■ Work to be completed ■
Please output every line of the material as it stands, without the pictures.

■ Given data ■
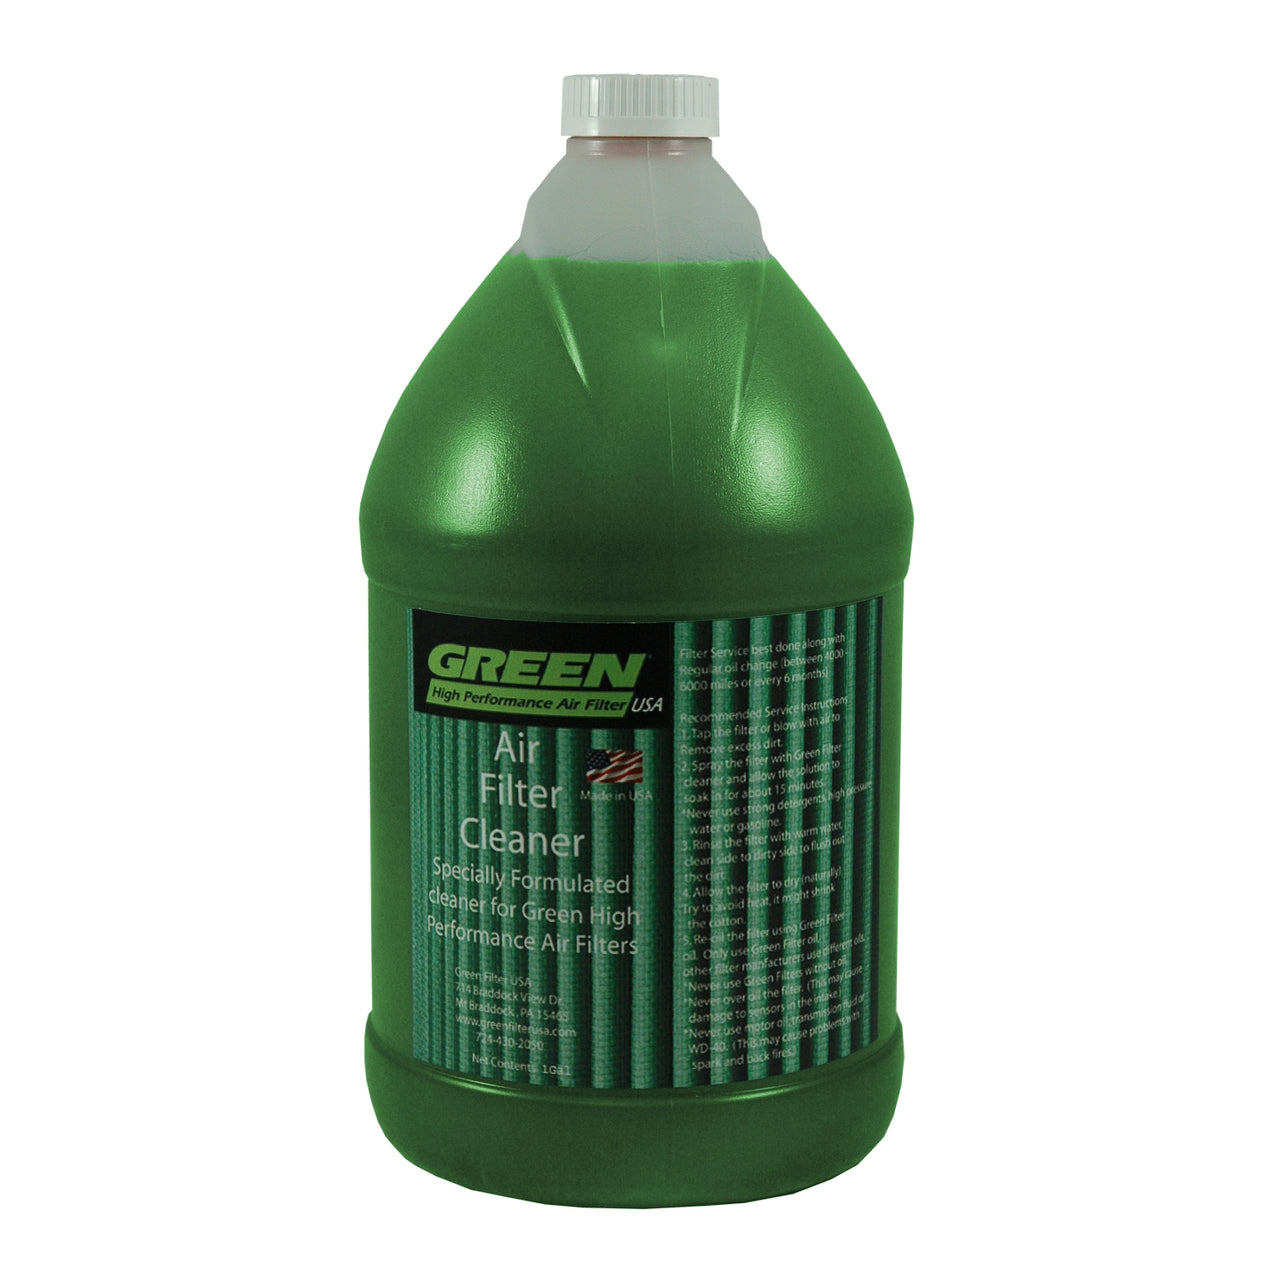 Green Filter Air Filter Cleaner - 1 Gal. Refill
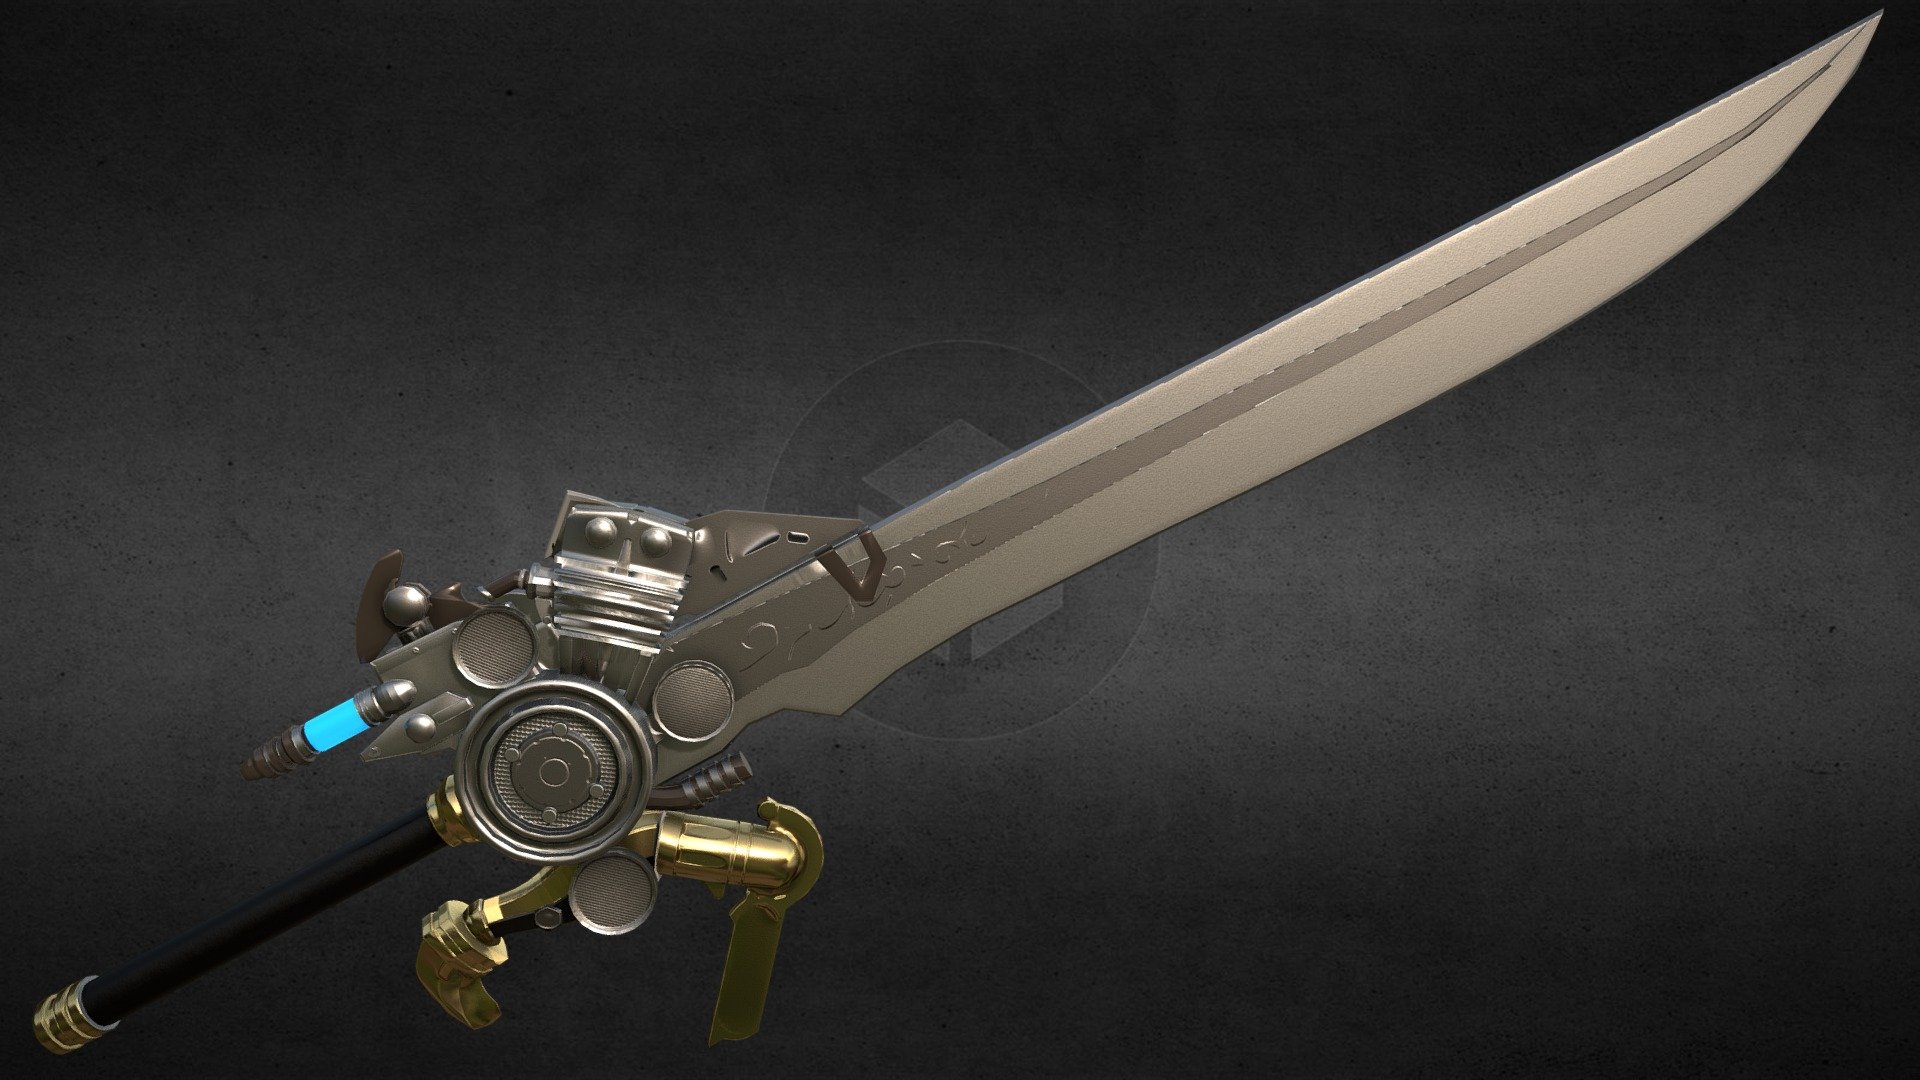 Noctis Engine Sword
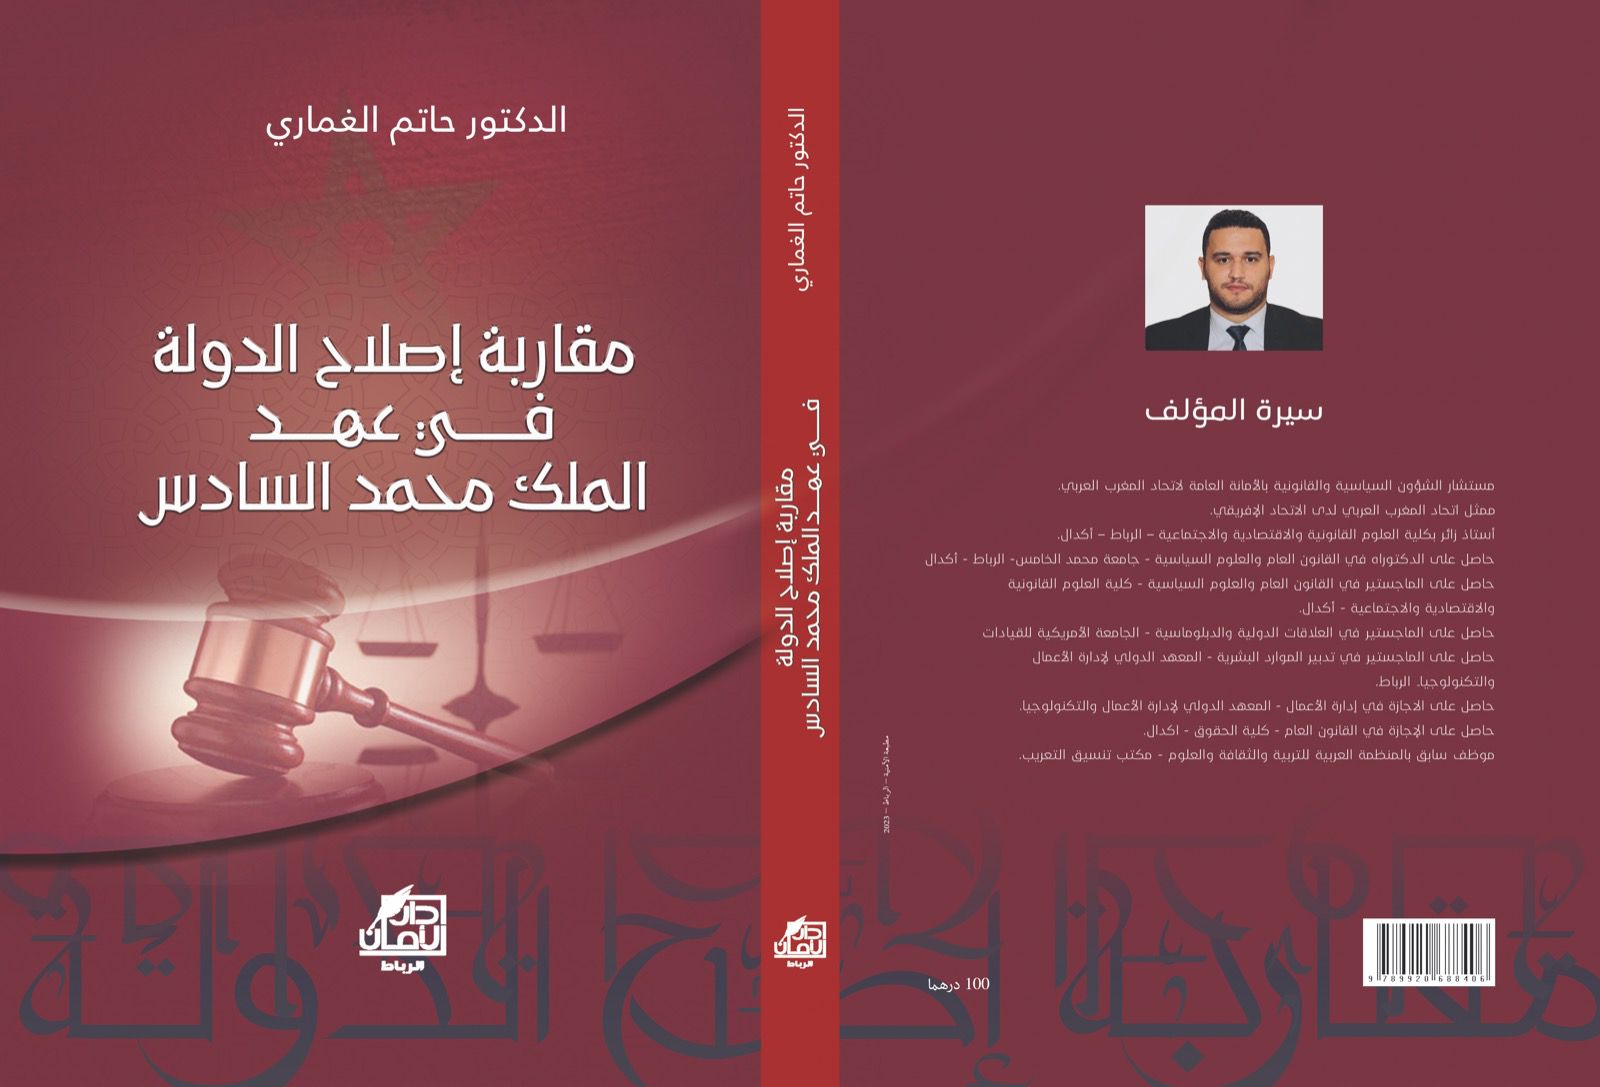 إصدار جديد للغماري حول إصلاح الدولة في عهد الملك محمد السادس
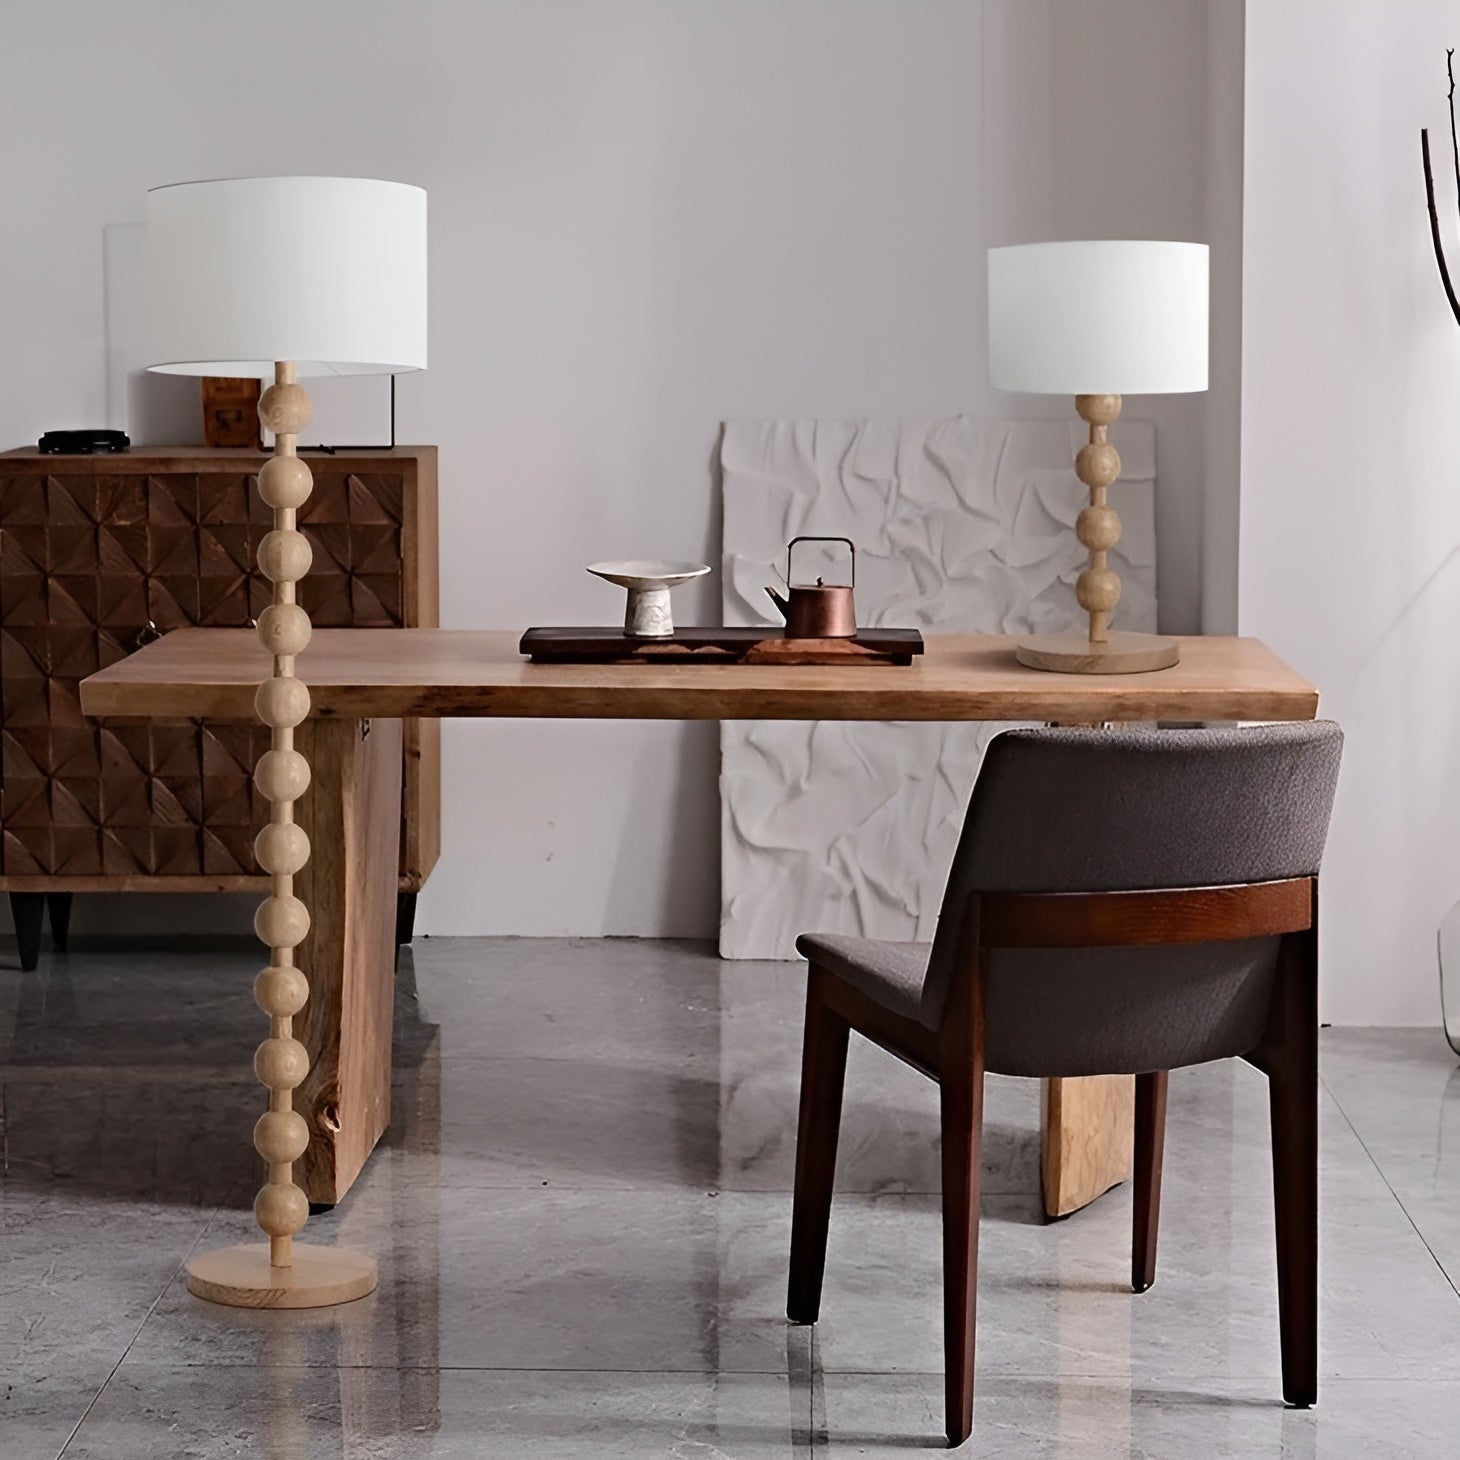 Wood Linen Table & Floor Lamp For Modern Minimalism Quiet Luxury Interior - Minimalist Floor Lamps

■ Solution to this exercise ■
 Green Filter Air Filter Cleaner - 1 Gal. Refill
 Noctis Engine Sword
 إصدار جديد للغماري حول إصلاح الدولة في عهد الملك محمد السادس
 Wood Linen Table & Floor Lamp For Modern Minimalism Quiet Luxury Interior - Minimalist Floor Lamps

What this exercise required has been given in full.